FAR EAST WESTBOUND (FEWB)

  • Capacity and Demand:
    • The market has entered the quietest phase of the Lunar New Year holiday period. With factories closed, export demand from Asia has temporarily paused.
    • Carriers are actively managing this downtime with aggressive blank sailing programs, removing ~40% of weekly capacity to prevent oversupply and maintain vessel utilization.
  • Operations at Asian Hubs:
    • Transshipment hubs like Singapore remain congested due to the backlog of rolled cargo from the pre-holiday rush, with yard utilization above 90%.
  • Operations in Northern Europe: Winter weather continues to hamper operations. Rotterdam and Hamburg continue to report critical yard density (> 85%) and extended dwell times (7 to 10 days).
    • Main yard utilization at Rotterdam: ECT, 80%; Rotterdam World Gateway (RWG), 85%; Delta II, 45%; Maasvlakte II (APMT MVII), 95%.
    • Main yard utilization at Hamburg: HHLA Container Terminal Altenwerder (CTA), 85%; Eurogate Container Terminal (CTH), 95%.
  • Freight Rates:
    • Stabilization: Spot rates are softening naturally as demand flatlines. Blank sailings, combined with longer Cape of Good Hope transits, is successfully maintaining a rate floor that exceeds historical averages.
    • Outlook: Post-Lunar-New-Year recovery will be key to determining rate levels in March. Carriers are looking to establish a stronger baseline for upcoming Q2 contract negotiations if demand rebounds in early March.
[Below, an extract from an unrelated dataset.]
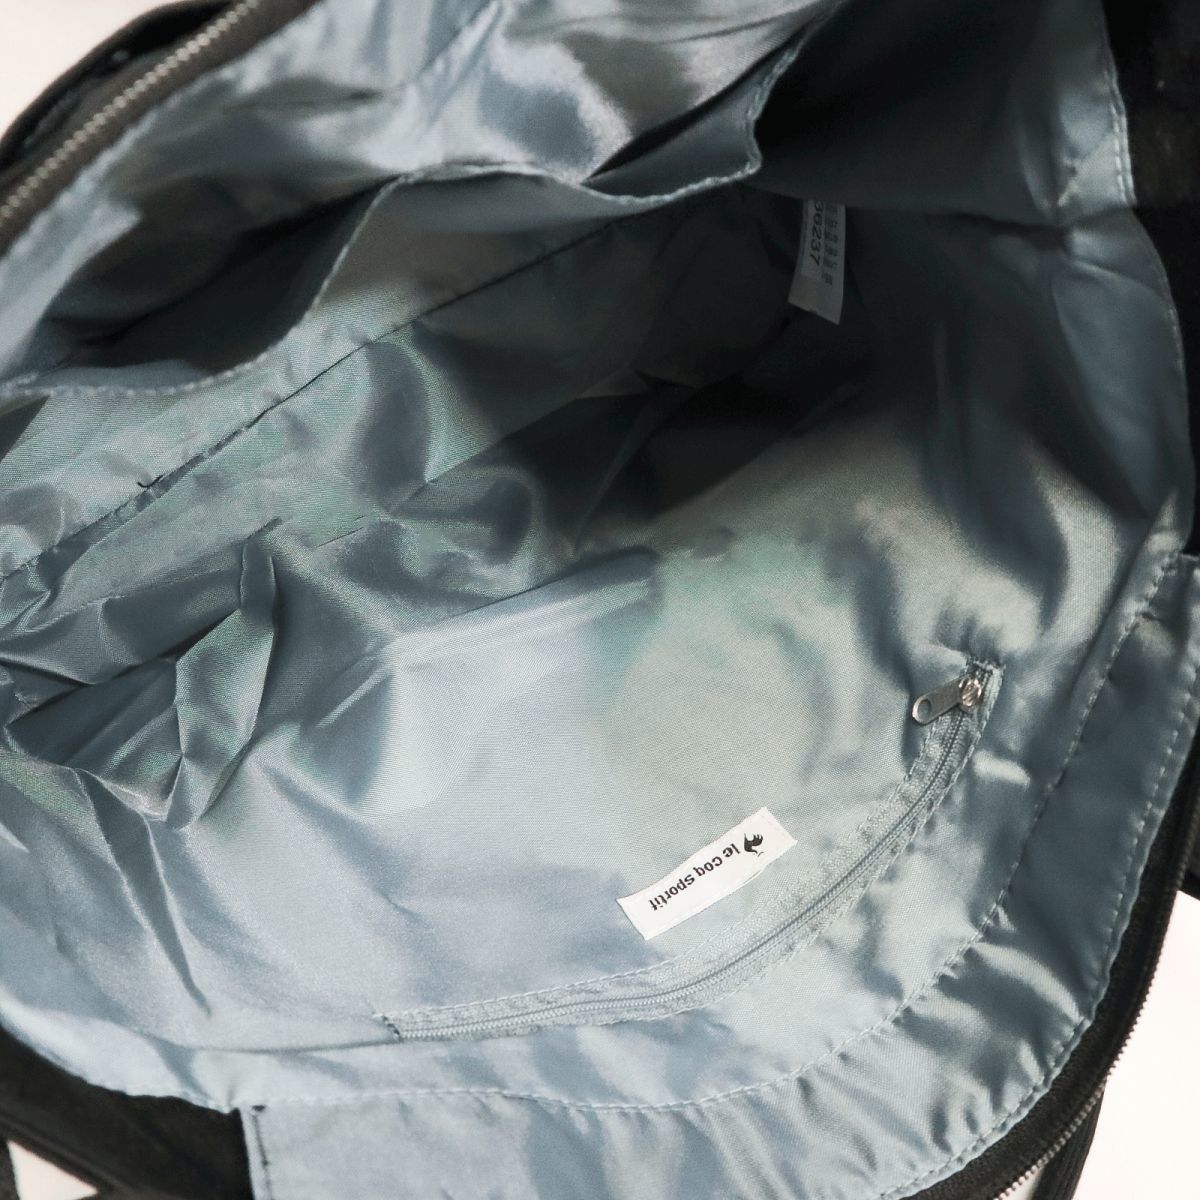 * Le Coq le coq sportif new goods convenience pocket fully simple shoulder tote bag BAG bag bag ash [36237-030] one six *QWER*

TRANS-ATLANTIC WESTBOUND (TAWB)

  • Capacity and Demand:
    • Demand continues to vary regionally as we head into mid-February.
    • North Europe and West Mediterranean: Demand is firming moderately. This is supported by record tonnages, despite blank sailings limiting capacity.
    • East Mediterranean: Overall, flows remain stronger.
  • Equipment:
    • Critical container and chassis shortages persist, particularly in Austria, Slovakia, Hungary, Southern and Eastern Germany, and Portugal. Expect inland delays of 2 to 4 days.
  • Freight Rates:
    • Spot rates from North Europe to the U.S. East Coast are holding steady in the low-to-mid $1,500/FEU range.
    • MSC, Hapag-Lloyd, and CMA CGM have announced new Peak Season Surcharges (PSSs) for March from Turkey to the U.S.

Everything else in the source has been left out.